When it comes to bouncing ball phonetics and Speak n Spell southern drawl, nobody is coming close to Pat. Every word is seemingly broken into syllables and sounds, and the actual rhymes are exceedingly countrified. But what really puts Pat over the top is the fact that he not only admits, but brags about feasting on the hog. Pork is high in saturated fat and cholesterol, but putting Pat up on the health benefits of Quinoa is useless…
“Buyin you/ taco bell/ but a pimp/ eatin steak/ corn bread, collard greens, chitaleeeeeens (chitterlings) on my plate.”
Or when he explains to a girl why his gas tank is empty, he has a worthy excuse.
“That’s just the meter broke/ u dontknawcha talkin bout/ anyway them new Jordan’s finna come out.”
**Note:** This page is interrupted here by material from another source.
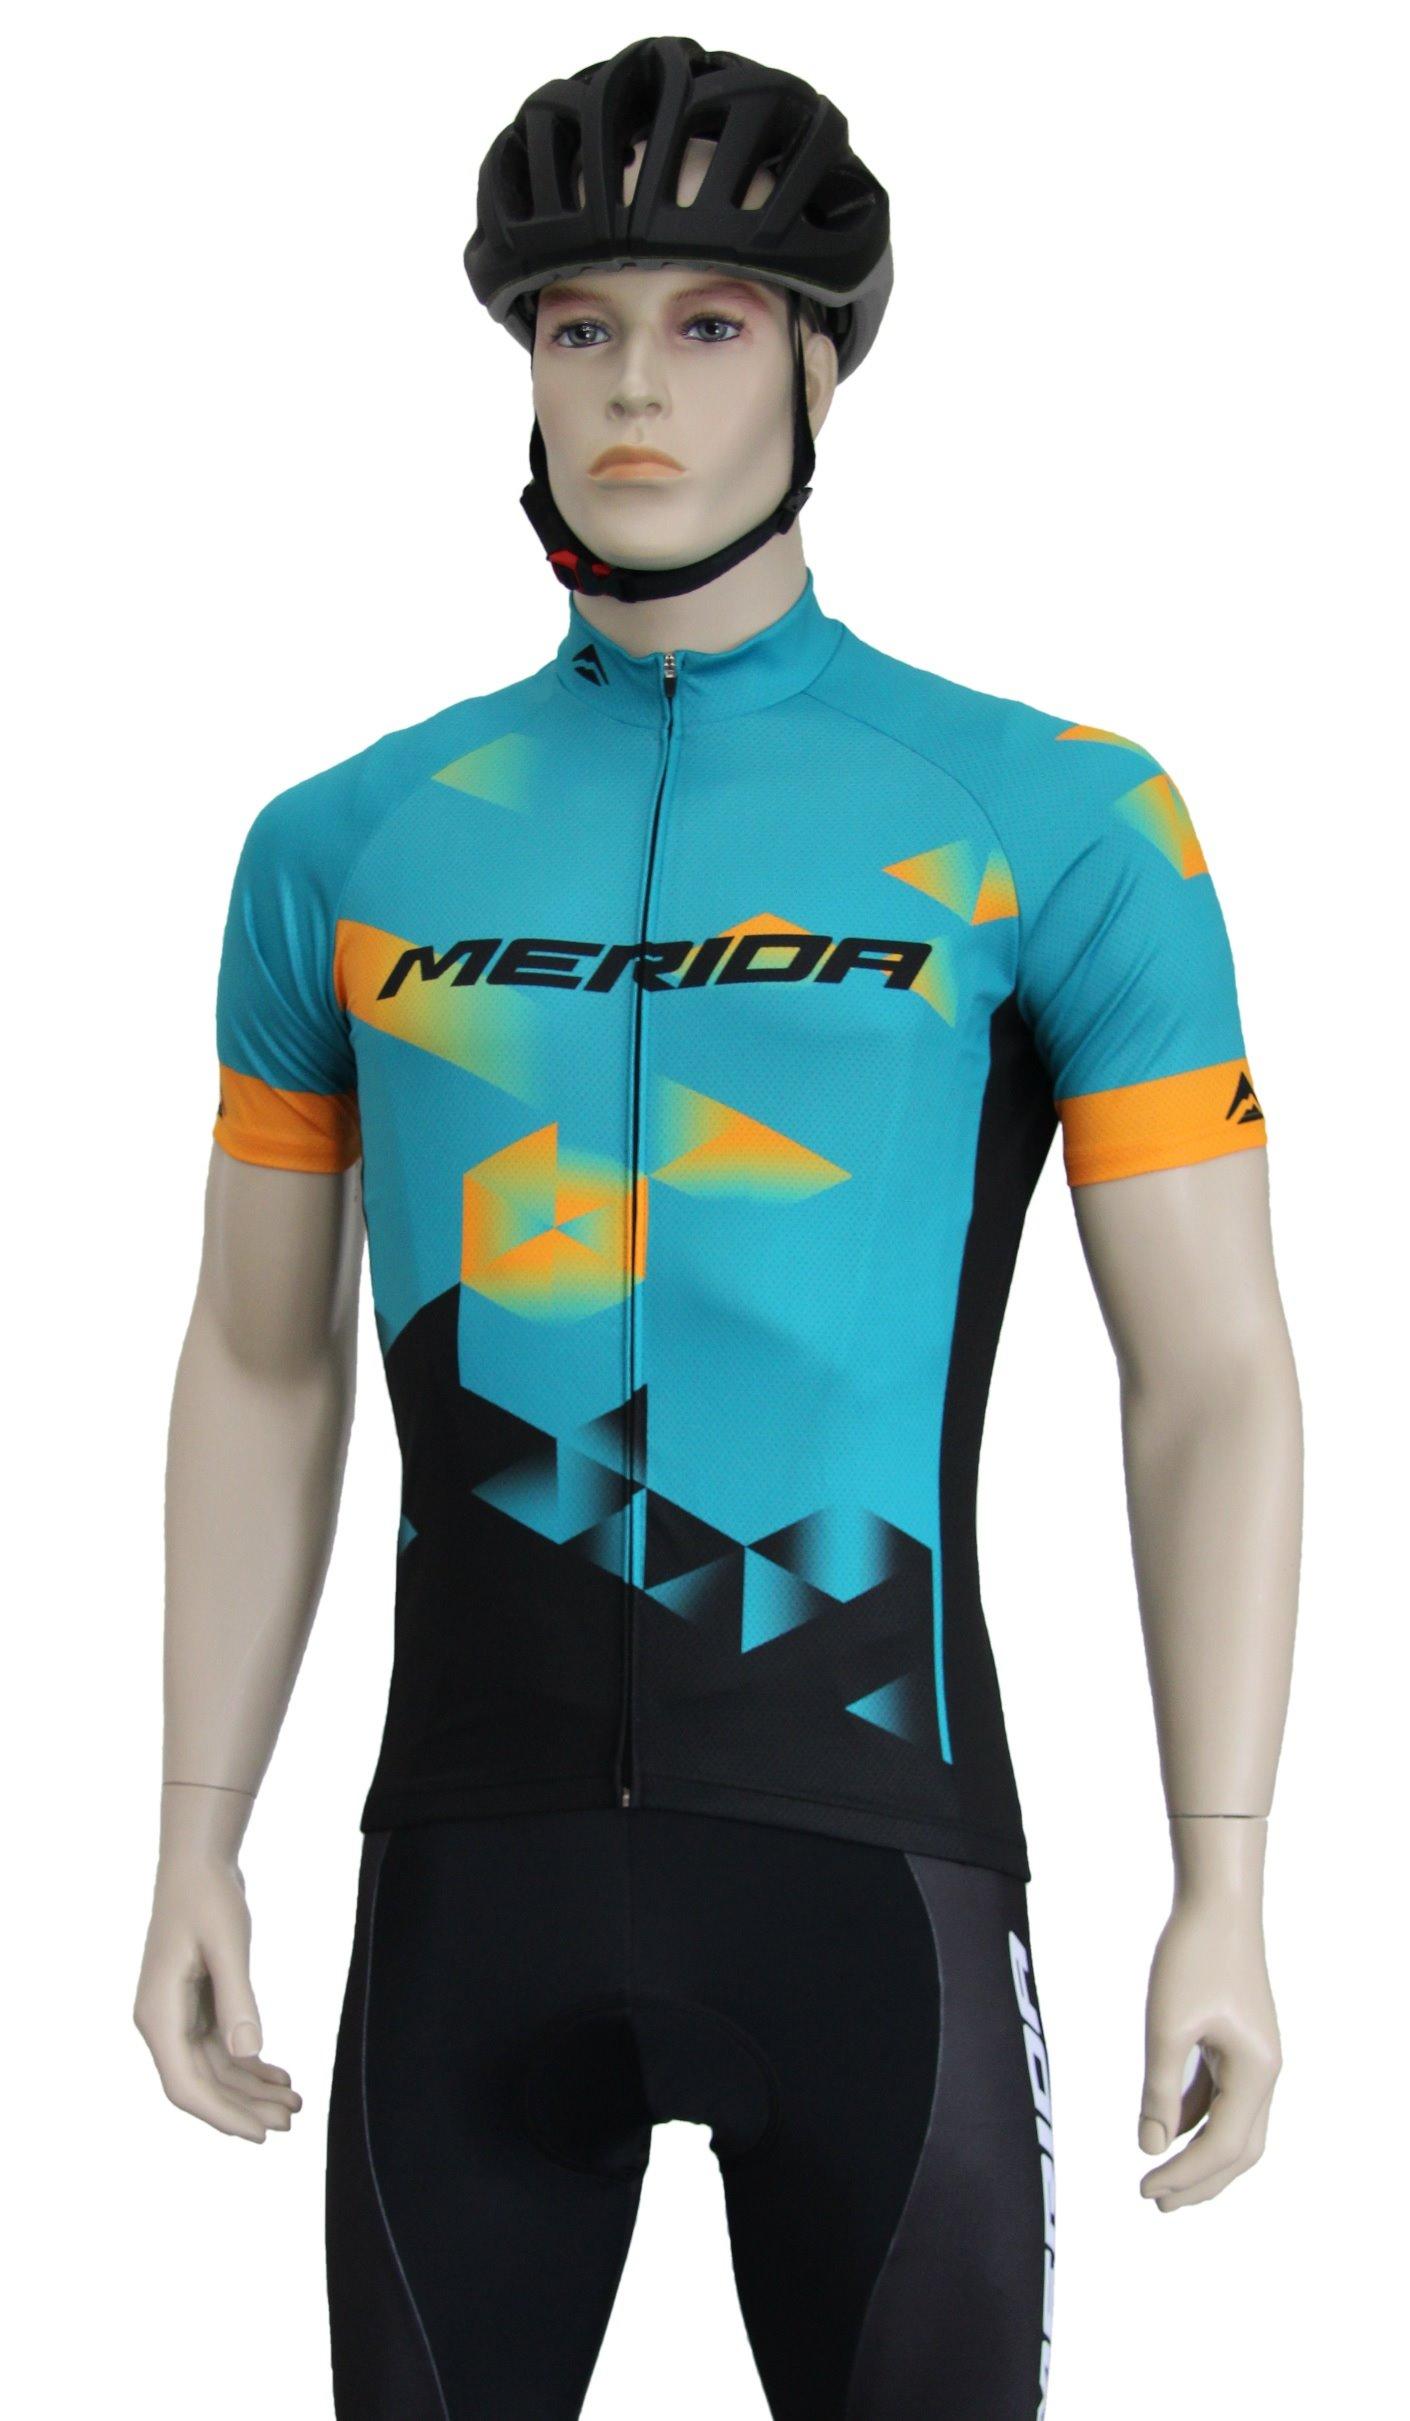 MERIDA - Dres pánský SPORT teal-oranžovo-černý XL

Its safe to say that Pat isn’t the Pharoahe Monch of Memphis, but the absence of lyrical gymnastics in his style is what makes him as appealing as he is.
The pinnacle of P. Pat’s good badness would be the “Nature Of The Threat” level of depth he displays on “Gorilla Pimp” (You Tube is being soft, video clip won’t embed.)
"(I’mma call yo mama up), bitch that’s a no no!"
Tim Dog, Malachi The Nutcracker, Project Pat and Disco Rick…You can say what you want about their skill level (or lack thereof), but one thing is for sure. They’ll be remembered much longer than your latest rap wunderkind who made one crappy album.